-
-
Notifications
You must be signed in to change notification settings - Fork 10
EJS Syntax Reference
Source for this Syntax Document - https://github.com/mde/ejs/blob/main/docs/syntax.md
EJS is designed to be flexible and easy-to-write, but without too much abstractions to cover up the HTML base.
- Basic format
- Delimiters
- Starting tags
-
<%=: Escaped output -
<%-: Unescaped output -
<%#: Comments -
<%: Scriptlet -
<%_: Scriptlet, removes all preceding whitespace
-
- Ending tags
-
%>: Regular ending tag -
-%>: Removes trailing newline -
_%>: Removes all trailing whitespace
-
- Literal tags
- Including other files
- “Preprocessor” directive
- JavaScript
include()function
- Copyright
An EJS “tag” is the primary functioning unit in an EJS template. With the exception of the literal tags, all tags are formed by the following format:
<starting content closing>
The spaces between starting and content, and content and closing are not required; they are recommended though for readability.

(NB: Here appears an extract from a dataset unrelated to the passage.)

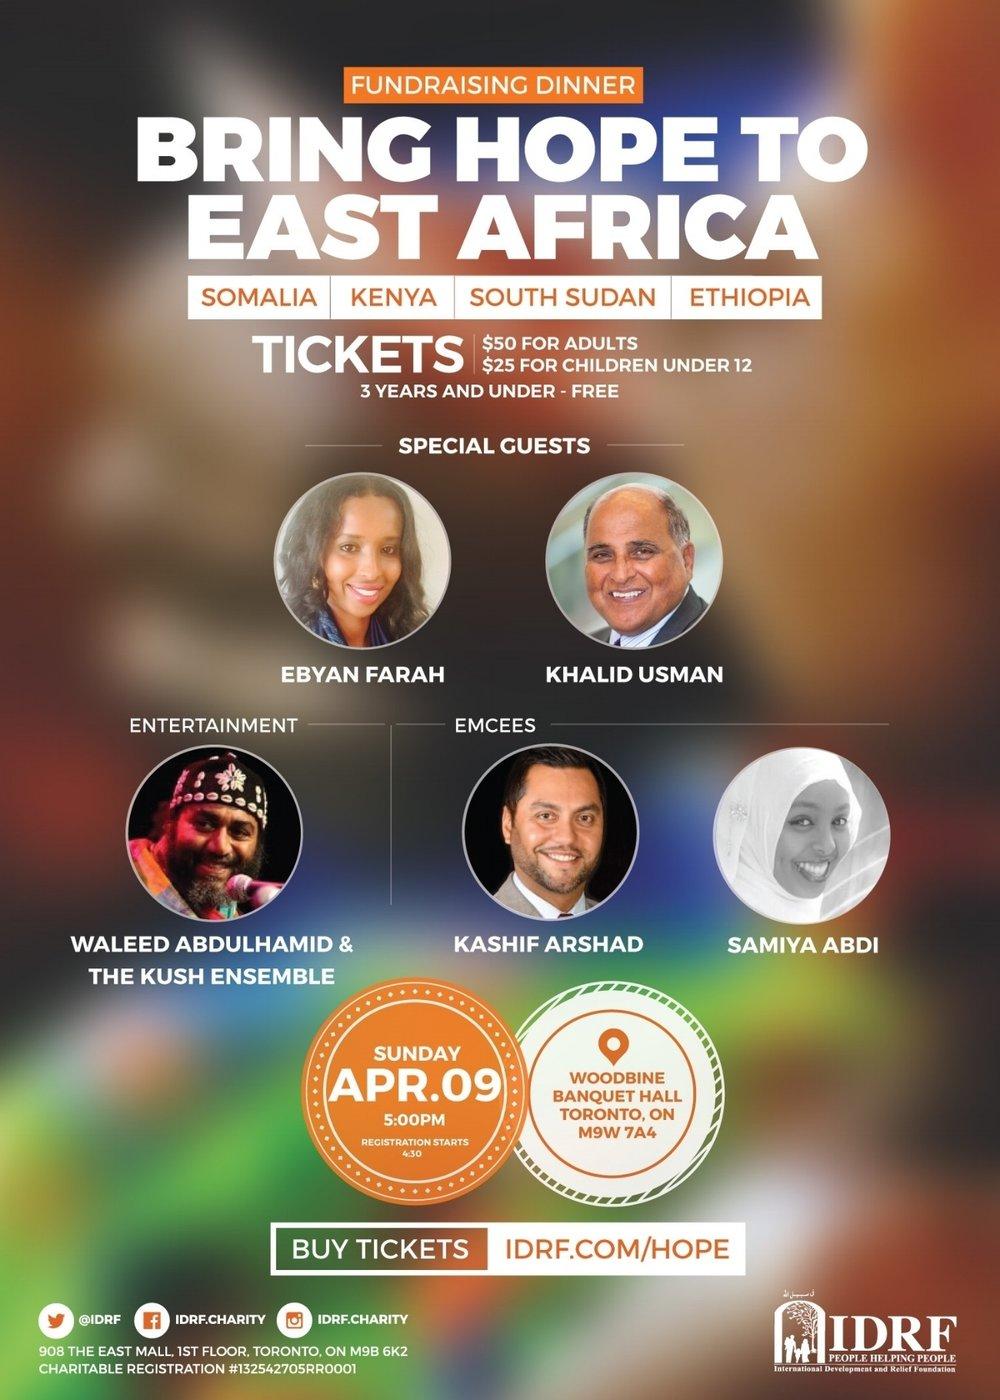 4/9 - Bring Hope To East Africa, Toronto, Ontario

The starting and closing tags contain a special string called the
delimiter. In this document, all tags are shown using the % delimiter, which
is the default. You can, however, change that to your liking. See
https://github.com/mde/ejs#custom-delimiters for more information on how to
change it.
The most important thing for a template language is the ability to pass
variables to the template. In EJS, this is done with the <%= and <%- tags.
<%= is the starting tag to use for variables that need to be escaped. If the
specified string contains forbidden characters like < and &, they are
escaped automatically with HTML codes.
The content of the tag can be any valid JavaScript operators, so tags like
<%= name ? name : (lastName || 'John Doe') %> would work as intended.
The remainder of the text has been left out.